Сильно похудевшее лицо отца заросло рыжеватой щетиной. Он отрывисто и хрипло дышал, нижняя губа у него дрожала. Дима наклонился и поцеловал его в висок.

— Ну, что, батя?

— Лихо, сынок. Будто в снегу лежу. Водочки бы выпить. И матери подарок… — Отец попытался улыбнуться.

— А что случилось-то? — Дима сел рядом с отцом.

— Что-что… Работают одни бабы. Ну, кран с рельсов сошел. Сами ставили. Тяжелый. Распарились… — отец говорил медленно, с остановками, глаза его очень блестели в свете неяркой керосиновой лампы, висевшей над его головой.

— А у тебя что? — спросил отец.

— Работаем, что ж еще…

Пришла мать, села в ногах у отца.

— Погляди, погляди, сынок, на героя, — с ходу сварливо начала она. — Кран руками подняли. И еще хвастает этим безобразием. Гляди, подарочек мне сделал — явился вон какой…

— Перестань ты меня перепиливать… — Отец закрыл устало глаза. — Простыл я, и все. Лучше накрыла бы чем еще.

Мать принесла из сундука не то ковер, не то половик — толстый, из деревенской шерсти.

— Горюшко ты мое на всю мою жизнь, — вдруг нежно сказала она, укрывая мужа. Она положила голову ему на грудь, и Дмитрию показалось, что она тихо всхлипнула.

— Ты что, мама? Мамочка… — сказал он, привалившись к ее плечу.

— Так-то лучше, — прошептал отец.

— Ой, печка-то… — торопливо сказала мать и быстро вышла.

В комнате было слышно, как трещала на кухне плита. Дима достал из кармана малюсенький сверток — норма сахара на два дня. Вдруг ему почудилось, что запахло чем-то знакомым, забытым. Отец беспокойно задвигался на подушке.

В дверях показалась мать. На ней было ее любимое платье в полоску — отец привез ей из Риги в прошлом году. Она несла на подносе три большие чашки, из них шел пар. И… неслыханный, ни с чем не сравнимый аромат заполнял комнату.

— Настоящий чай! — ахнул Дима.

Мать дала ему чашку и села к отцу.

— Ну, вот и собрались… как бывало… — бодро начала мать и вдруг заплакала, закрыв ладонью лицо.

— Мам… ну, мам… ну, что ты, право?.. Мам… — забормотал Дмитрий, опустив голову.

Отец вдруг сердито начал:

— Да что ты, ей-богу. Срам. Гитлер того и хотел. Вот и добился, чтобы мы тут плакали.

— Ты что это говоришь? — возмутилась мать, сразу перестав плакать. — Я просто девочек наших вспомнила.

— А девочек нечего оплакивать.
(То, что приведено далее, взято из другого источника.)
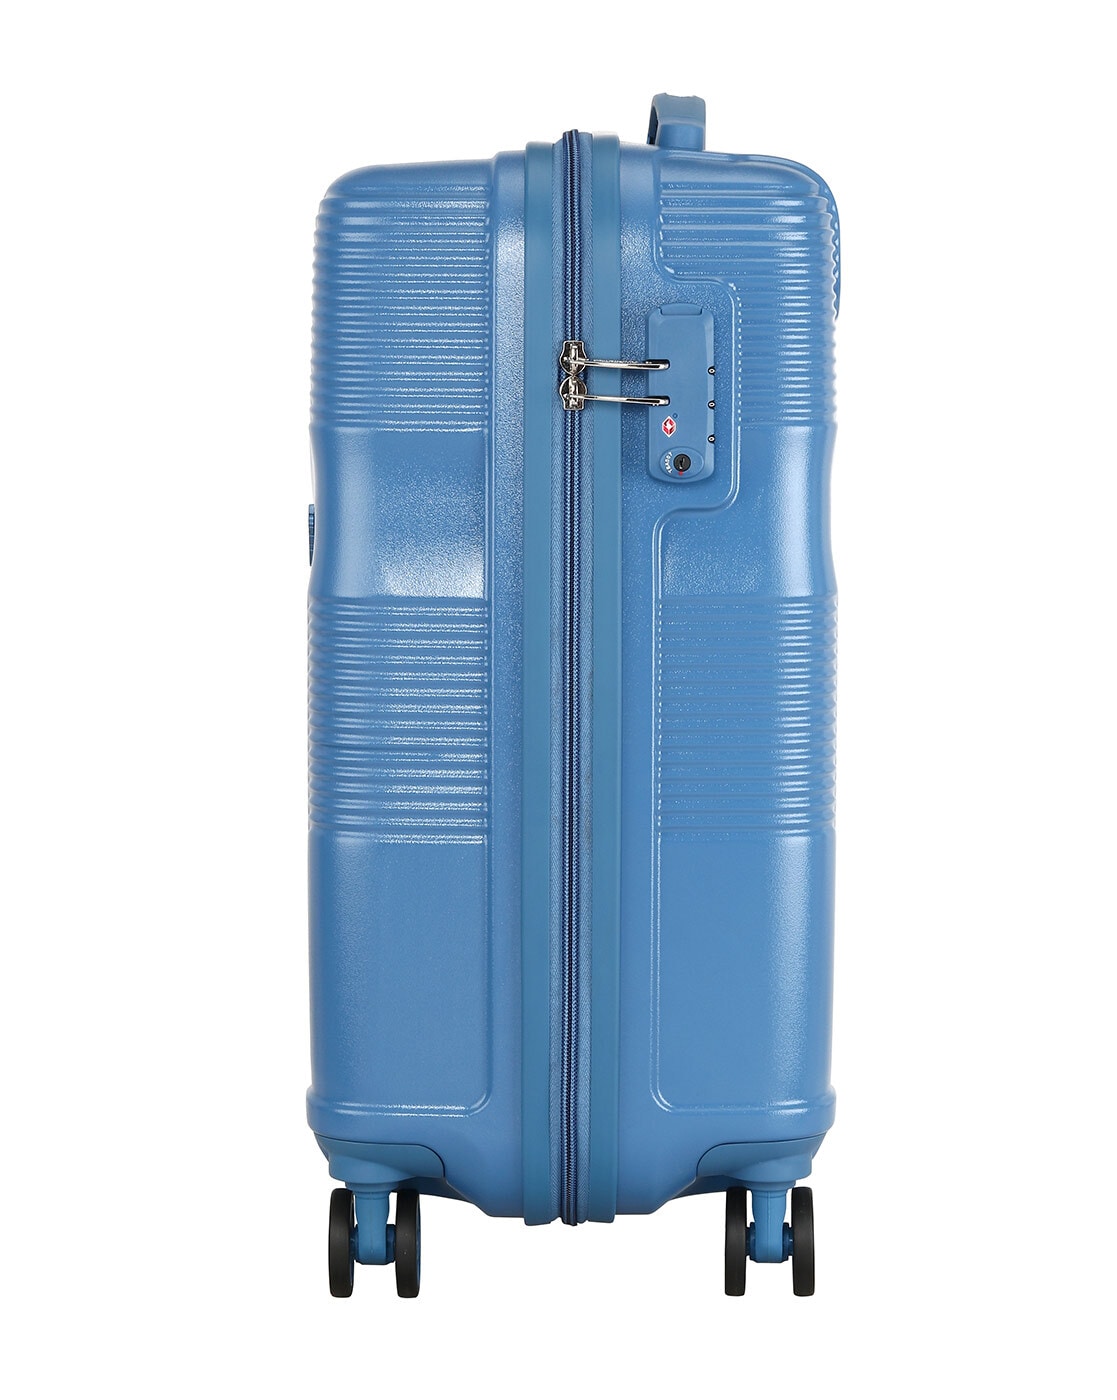 Luggage Bag / Medium Luggage Bag / Medium Travel Bag/ Medium Trolley Bag,  Hobbies & Toys, Travel, Luggage on Carousell

Голода у них нет, войны нет, значит, все в порядке.

— Ты всегда к ним с прохладцей был… — начала мать свою старую обиду. — Тебе все сына надо было, а дочки тебе не с руки. Знаю я тебя. Не первый год.

Глаза у отца были закрыты, только чуть подрагивали мохнатые брови, а рот чуть улыбался — он своего достиг.
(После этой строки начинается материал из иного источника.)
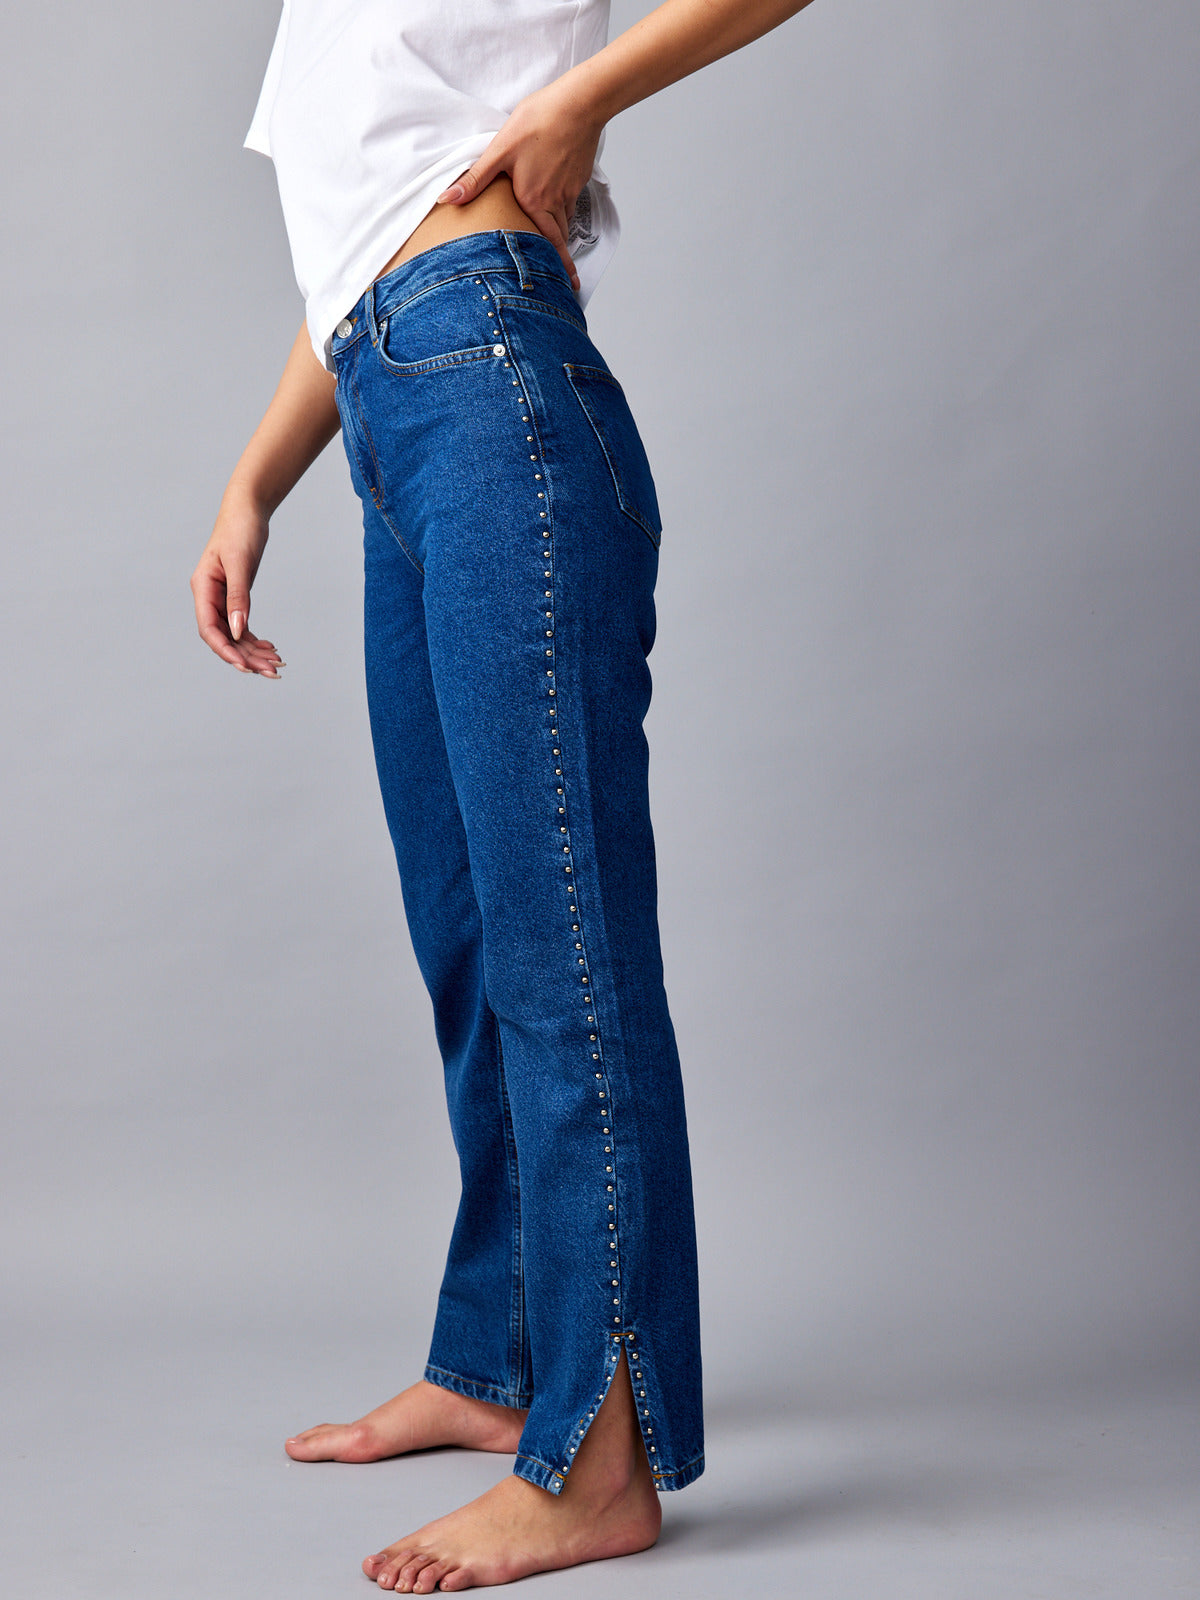 מכנסי ג'ינס עם ניטים- NA-KD|נייקד

Дмитрий смотрел на них, пил чай, слушал, как они препираются, не мог сдержать улыбки и боялся, что это может снова рассердить мать.

Она с сердитым видом держала высокую чашку отца около его рта, а он, прикрыв глаза, прихлебывал чай и, вынув руку из-под одеяла, тихонько гладил руку жены.

Дмитрий вдруг с какой-то пронзительной остротой почувствовал, как он любит их, как они ему дороги, как ему больно видеть их похудевшими, усталыми, пришибленными. Глаза матери, голубые, в сеточке морщин, под пушистым венчиком ресниц, сейчас были влажные, глубоко запавшие, и было в них что-то незнакомое. «Война, конечно, война», — подумал Дмитрий. Она была во всем, что стало теперь их жизнью, — в обледенелом окне, слезившемся от тепла, в щелканье метронома по радио, в том, что они снова и снова, как о чем-то необыкновенном, говорили о еде.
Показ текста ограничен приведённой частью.